McDonald welcomed Lawler's resignation and says while the Government was too slow to remove him from his position, should make public the findings of the Heeley report.  

“It is not surprising that there would be a lot of public interest in this matter because the Fair Work Commission should comply with excepted standards,” he says.
“The Heeley report about Lawler will be kept private so we will never know whether it contained a recommendation that Lawler repay for sick leave in part or in full,”
“Such a recommendation if made would be embarrassing for the president who authorised the payments apparently without sick leave certificates.”
McDonald said that the report should have been published in the interests of transparency and to help avoid such a mistake in the future.
He said the issue was very sensitive for the FWC president, since Lawler’s payments were based on a very high salary and using public money.

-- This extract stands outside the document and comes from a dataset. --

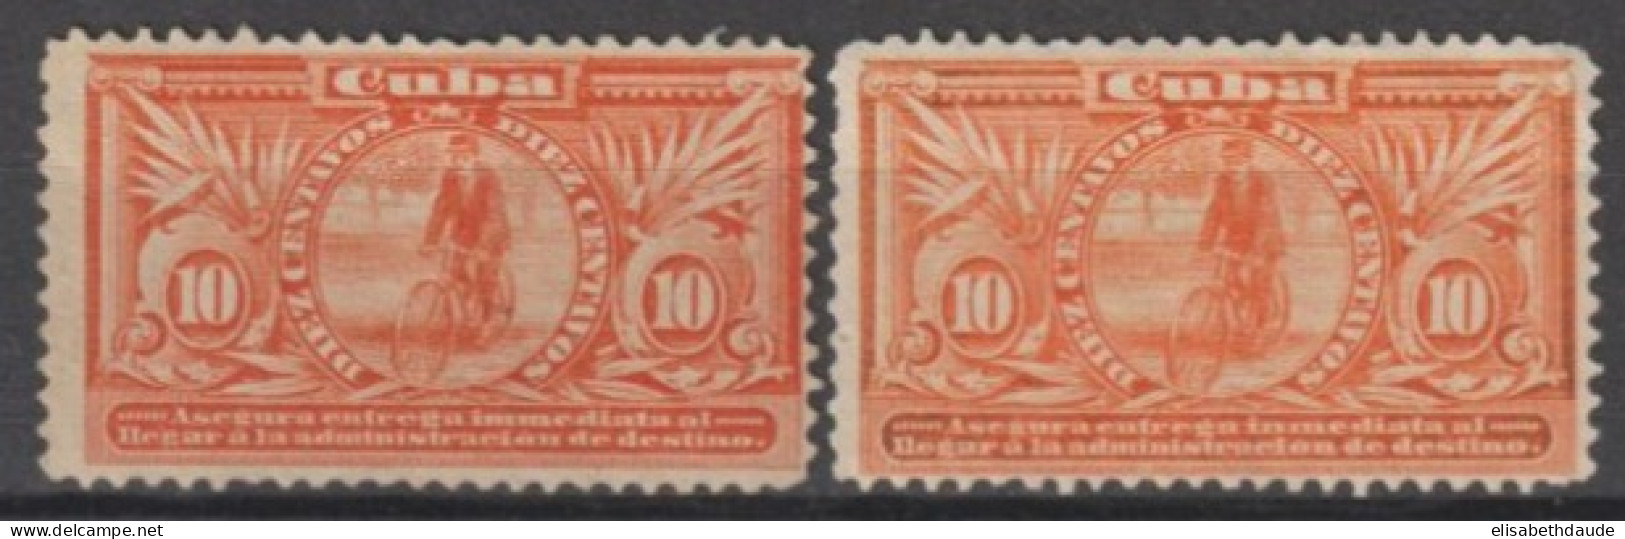 C UBA - 1899 - EXPRES - YVERT N°2 + VARIETE "IMMEDIATA" 2a (*) SANS GOMME - COTE = 65 EUR - Exprespost

“The president felt constrained to act because Lawler was appointed by the Executive Council, not him,” McDonald explains.
“He was dependant on the government to act.  The government was very slow to do so.”
As there appeared to be a very poor relationship between the vice-president and the president, the ability of the president to quietly influence Lawler's conduct failed, Murholme says.
“So it was a combination of factors unlikely to be repeated which caused this terrible example of how not to deal with a long term sick leave situation to occur,” he told HC Online.
He says the good news is that a replacement for Lawler's role should not be required, because there are already three vice-presidents in the FWC where traditionally there have only been two.
“Around $1 million a year can be saved by not reappointing another vice-president,” McDonald says.
“The business community might be very concerned if there is a further appointment given the poor handling of the Lawler illness.”

Lawler resigned from his position of as a presidential member of the Fair Work Commission on March 03, 2016.